Border Politics: The Ruling Divide Between Tunisia and Libya

Date:

October 12, 2015

Location:

Sabratha, a city situated in western Libya 60 km from the Tunisian border

Incident:

An armed Libyan group detains approximately 50 Tunisians working in Libya and transports them to the Barem Military Camp. The group promptly explains that the detention operation is directly related to the Tunisian authorities’ arrest of Sabratha municipal council member Hussein al-Zawadi at the Tunis–Carthage International Airport on October 11, 2015. The next day, the Tunisians are released and the Tunisian authorities release al-Zawadi

A very similar incident occurred earlier, in mid-June 2015, in Al-Khums, a city situated in western Libya 120 km from the capital Tripoli. Armed militias controlling Al-Khums and Misrata detained approximately 50 Tunisians working in the former General Security Headquarters in Al-Khums following the Tunisian authorities’ detention of a man called Walid al-Qalib, an influential leader in the Libya Dawn forces. The latter control western Libya and the capital Tripoli. Tunisian authorities said that al-Qalib stands accused in cases linked to terrorism, and that the investigation concerning him was ongoing. They did not comply with calls to release al-Qalib made by his supporters in Libya, which compelled these supporters to detain the 50 Tunisians in Al-Khums, as well as 8 others at a gateway in the Qasr Bin Ghashir region situated between Al-Khums and Misrata. The incident ended in the same manner; Tunisian authorities released al-Qalib in return for the release of the held-up Tunisians.

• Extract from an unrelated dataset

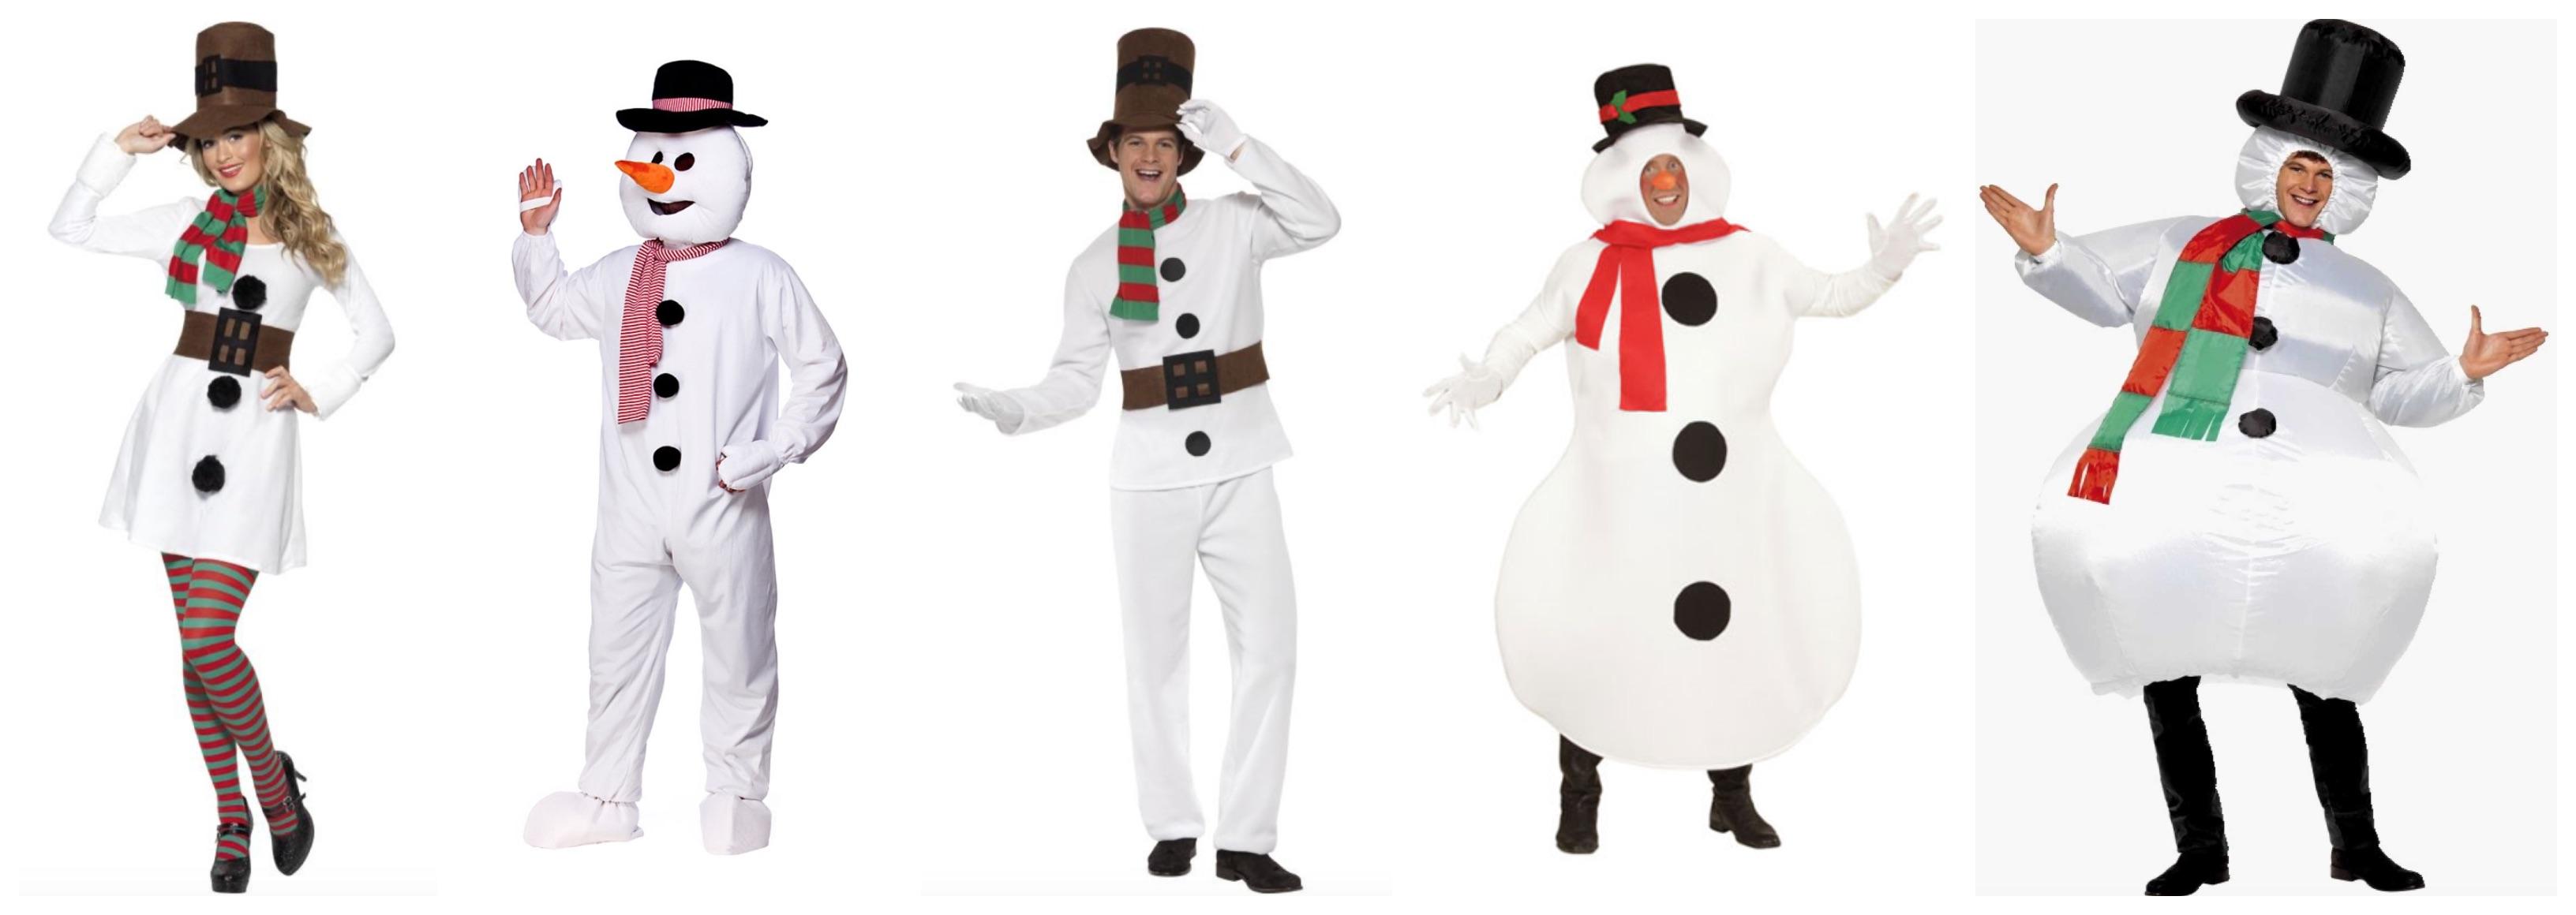 snemand kostume til voksne - Snemand kostume til voksne

The location and timing of these detention incidents are different, but the means and objectives of both are not. The means is the use of armed groups, and the objective is to exert pressure beyond Libya’s borders –specifically in Tunisia– to facilitate the release of an influential Libyan figure being prosecuted on accusations related to terrorist activities.

 

Detentions have become a language of diplomatic dealings between Tunisia and its neighbors in western Libya. While the use of detention as a means of diplomatic discourse is usually attributed to armed Libyan outlaw groups, on some occasions, it has become evident that these groups are better characterized as part of the government. On June 12, 2015, the detention of Tunisian diplomats inside Tunisia’s Consulate General in Tripoli revealed that there is a connection between the use of detention as a means of communicating with neighboring Tunisia, and exerting diplomatic pressure on it, on the one hand, and the political authorities in western Libya, on the other. On this date, a Libyan armed group deliberately stormed the consulate and detained personnel inside in order to trade their release for the release of the Libyan citizen Walid al-Qalib, a relative of the minister of justice in the Tripoli-based National Salvation Government. As always, the release of the detainees was then coupled with the Tunisian courts’ release of the detained Libyan, in this case Walid al-Qalib.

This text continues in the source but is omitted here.